The Islamic Republic of Iran: the Genesis of its foreign policy since 1979.

AuthorMottale, Morris M.

Iran and the United States

In February of 1979 an octogenarian charismatic Shiite cleric Ayatollah Ruhollah Mousavi Khomeini succeeded in bringing an end to the institutional monarchy in Iran and put an end to the last dynasty that had ruled an ancient land. The last shah of Iran, Mohammad Reza Pahlavi, went into exile and died in Egypt sometime later. Iran under a theocratic regime embarked on a radical foreign policy that changed for decades Iran's relationship with its neighbors and with the United States. (i)

The history of Washington's relations with Iran in modern times can be really traced back to World War II. While it is true that the United States had relations with Iran before that period, it is World War II that brings America to play a central and crucial role in the international relations of the area.
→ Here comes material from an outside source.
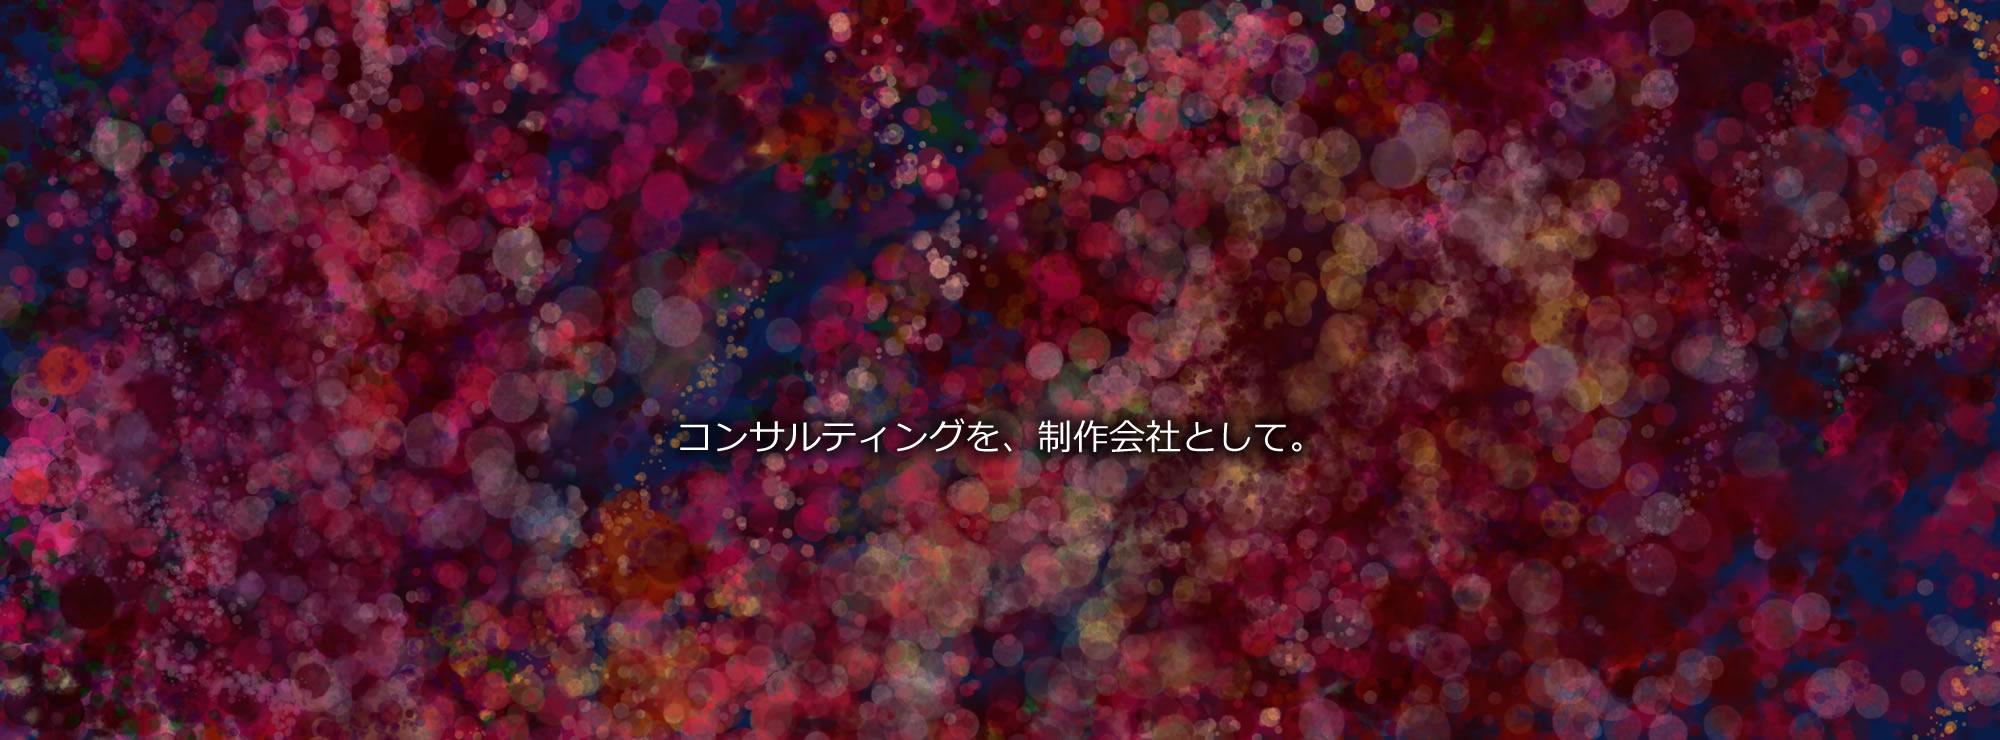 http://fsci.jp/concept

Two of the most important powers in the area had been Russia and Great Britain, and in fact the 19th century history of the area had seen a struggle for influence and hegemony between Moscow and London over the control of Iran. British domination of India made it inevitable for Britain to have an interest in Iranian affairs. In the earlier part of the 19th century, Russia managed to defeat Iran and seize part of its territory later to become Russian controlled Azerbaijan. As the British expanded their influence into Afghanistan and Baluchistan and into the Persian Gulf, the rulers of Iran came to confront two foreign powers that came to shape the international relations of Teheran and Persian leadership for over 150 years. (ii)

In the 19th century the ever increasing British preeminence in the area and its influence on Iranian foreign relations, and certainly Iranian imagination, shaped the dynamics of Persian nationalism and its perception of the world at large. Britain's role in Iran became even more pronounced as oil was discovered in 1908, following the successful search for it by a British businessman and oil prospector William Know D'Arcy. It iwa during this decade that the Royal Navy had decided to switch from coal to oil to power its warships. London had up to that point relied on American oil from Texas, and as America and Russia had become very large oil producers and exporters, British policy makers did not wish to be dependent on oil from countries that could potentially deny access to what had come to be a strategic resource. Thus the formation of the Anglo Iranian Oil Company and British investments in the oil industry in Iran made the area ever more important for London. Fear of German and Russian encroachments in the area gave London an ever greater interest in the strategic control of oil supplies. (iii)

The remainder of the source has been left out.